Exercise aim.
When copying the data below, keep only the lines from the one with "20 Habits οf" through the one with "Antibes 256 - Kustpark Village Scaldia", word for word, and skip the pictures.
BEGIN Extracted information
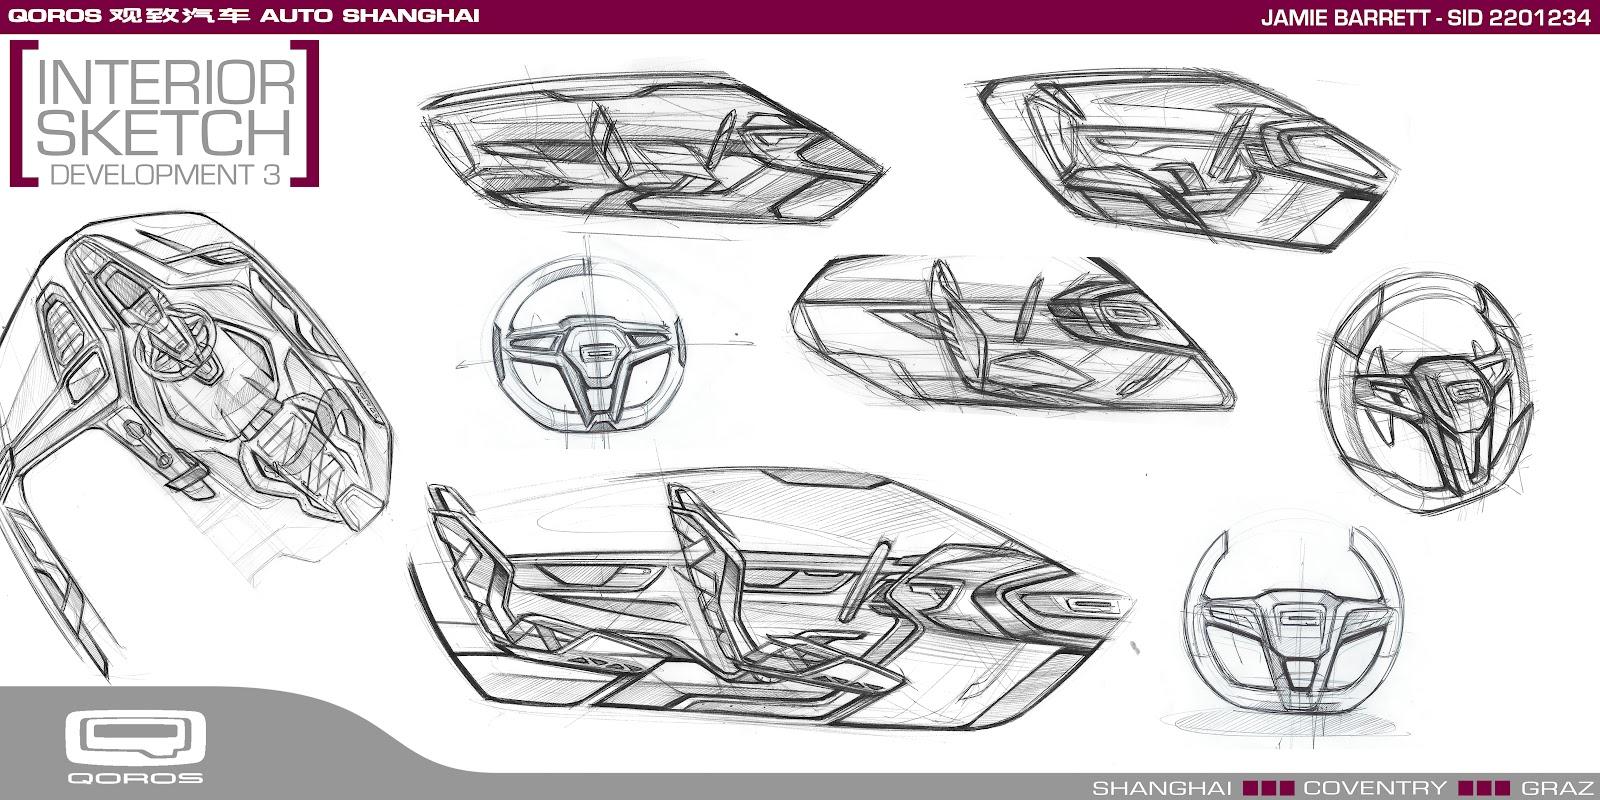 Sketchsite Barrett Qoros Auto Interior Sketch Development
END Extracted information
BEGIN Extracted information
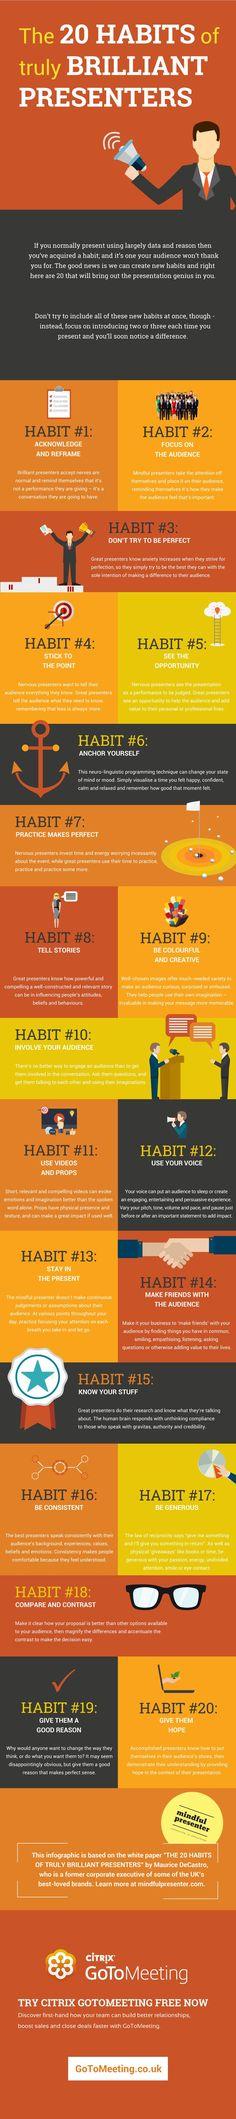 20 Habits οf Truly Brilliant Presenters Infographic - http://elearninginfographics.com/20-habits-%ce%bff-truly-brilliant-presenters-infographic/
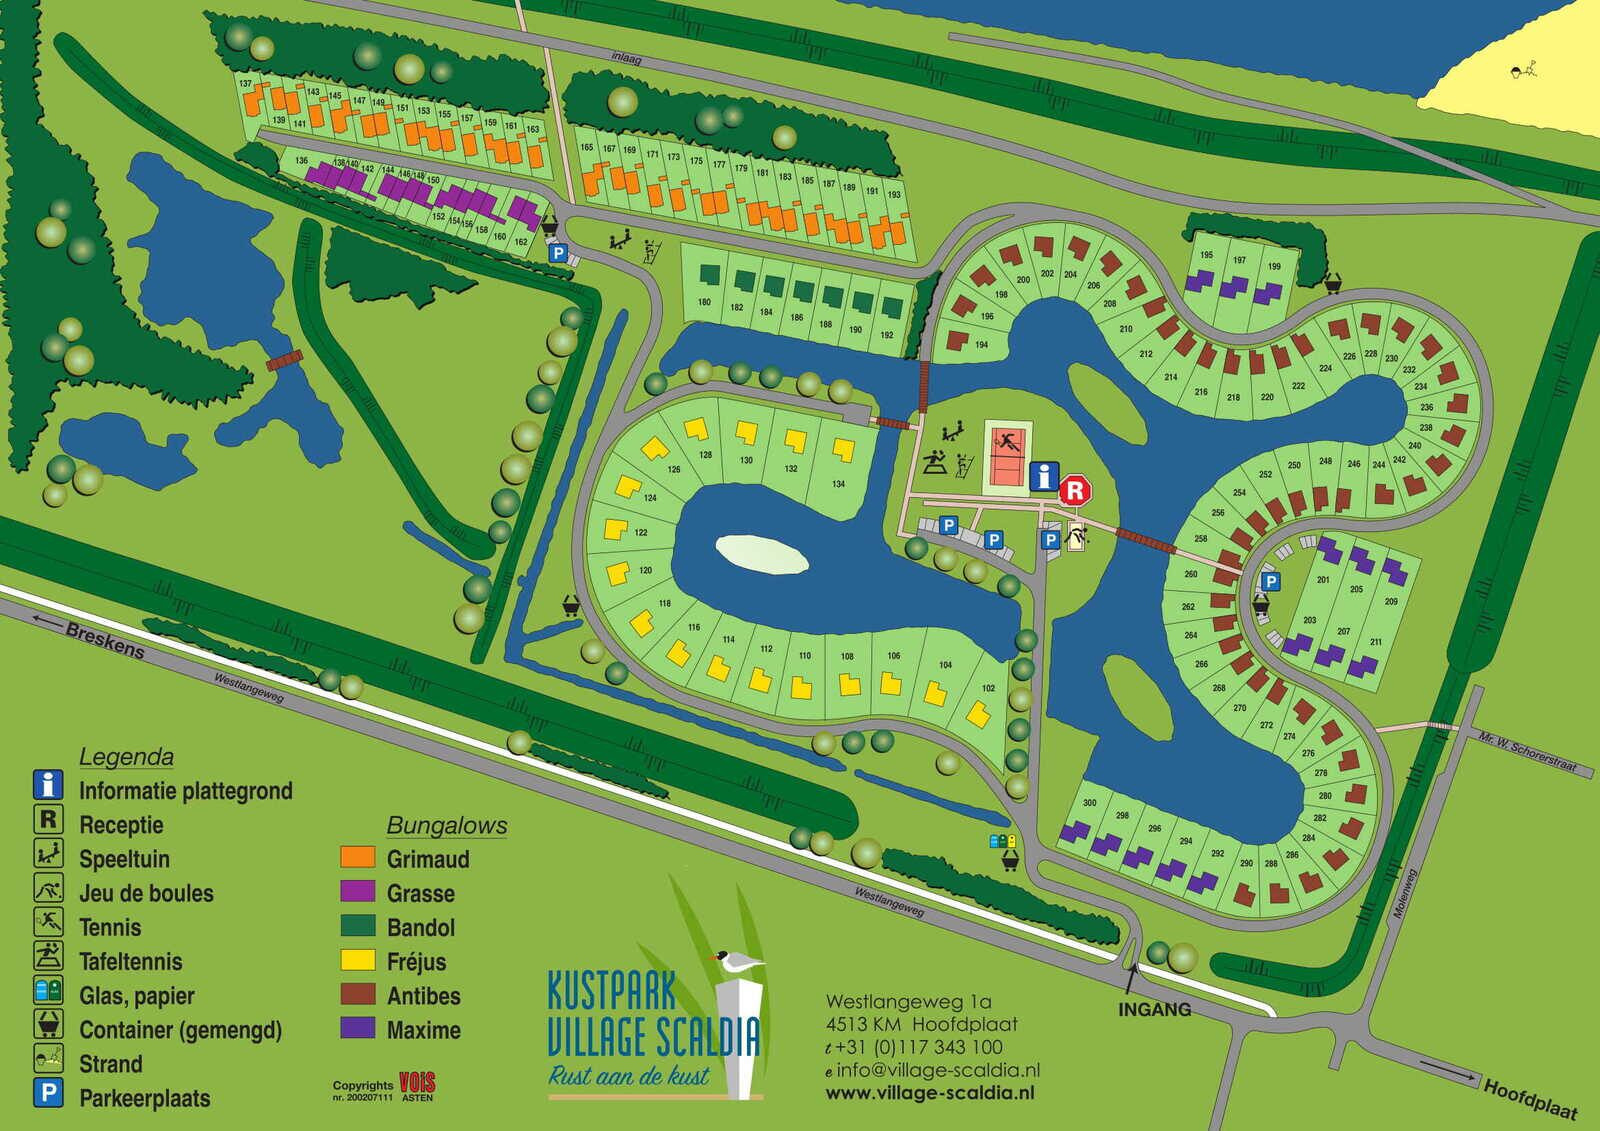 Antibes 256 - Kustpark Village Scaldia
END Extracted information
BEGIN Extracted information
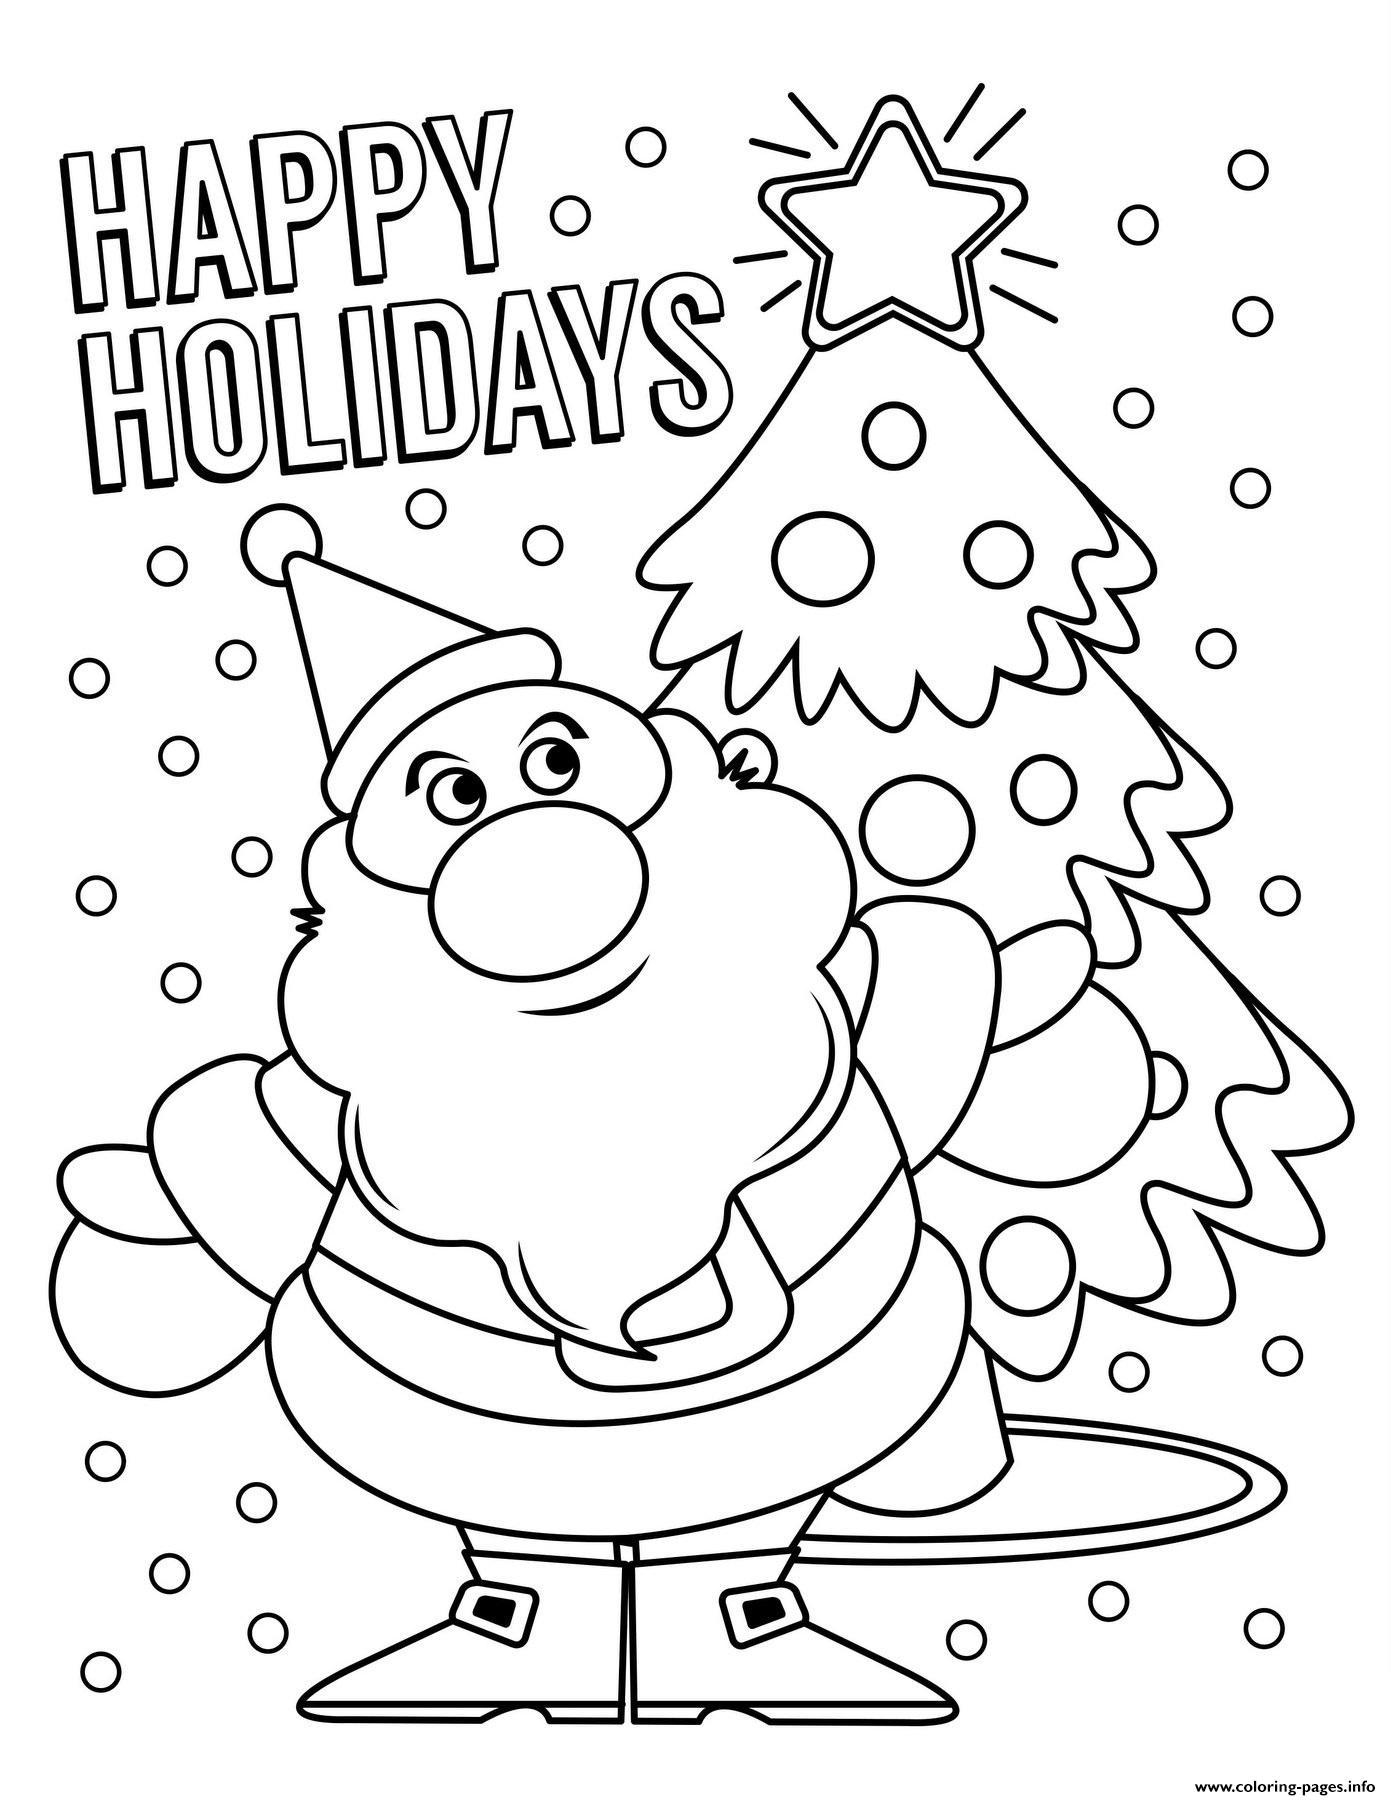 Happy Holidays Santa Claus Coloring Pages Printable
END Extracted information
Written solution.
 20 Habits οf Truly Brilliant Presenters Infographic - http://elearninginfographics.com/20-habits-%ce%bff-truly-brilliant-presenters-infographic/
 Antibes 256 - Kustpark Village Scaldia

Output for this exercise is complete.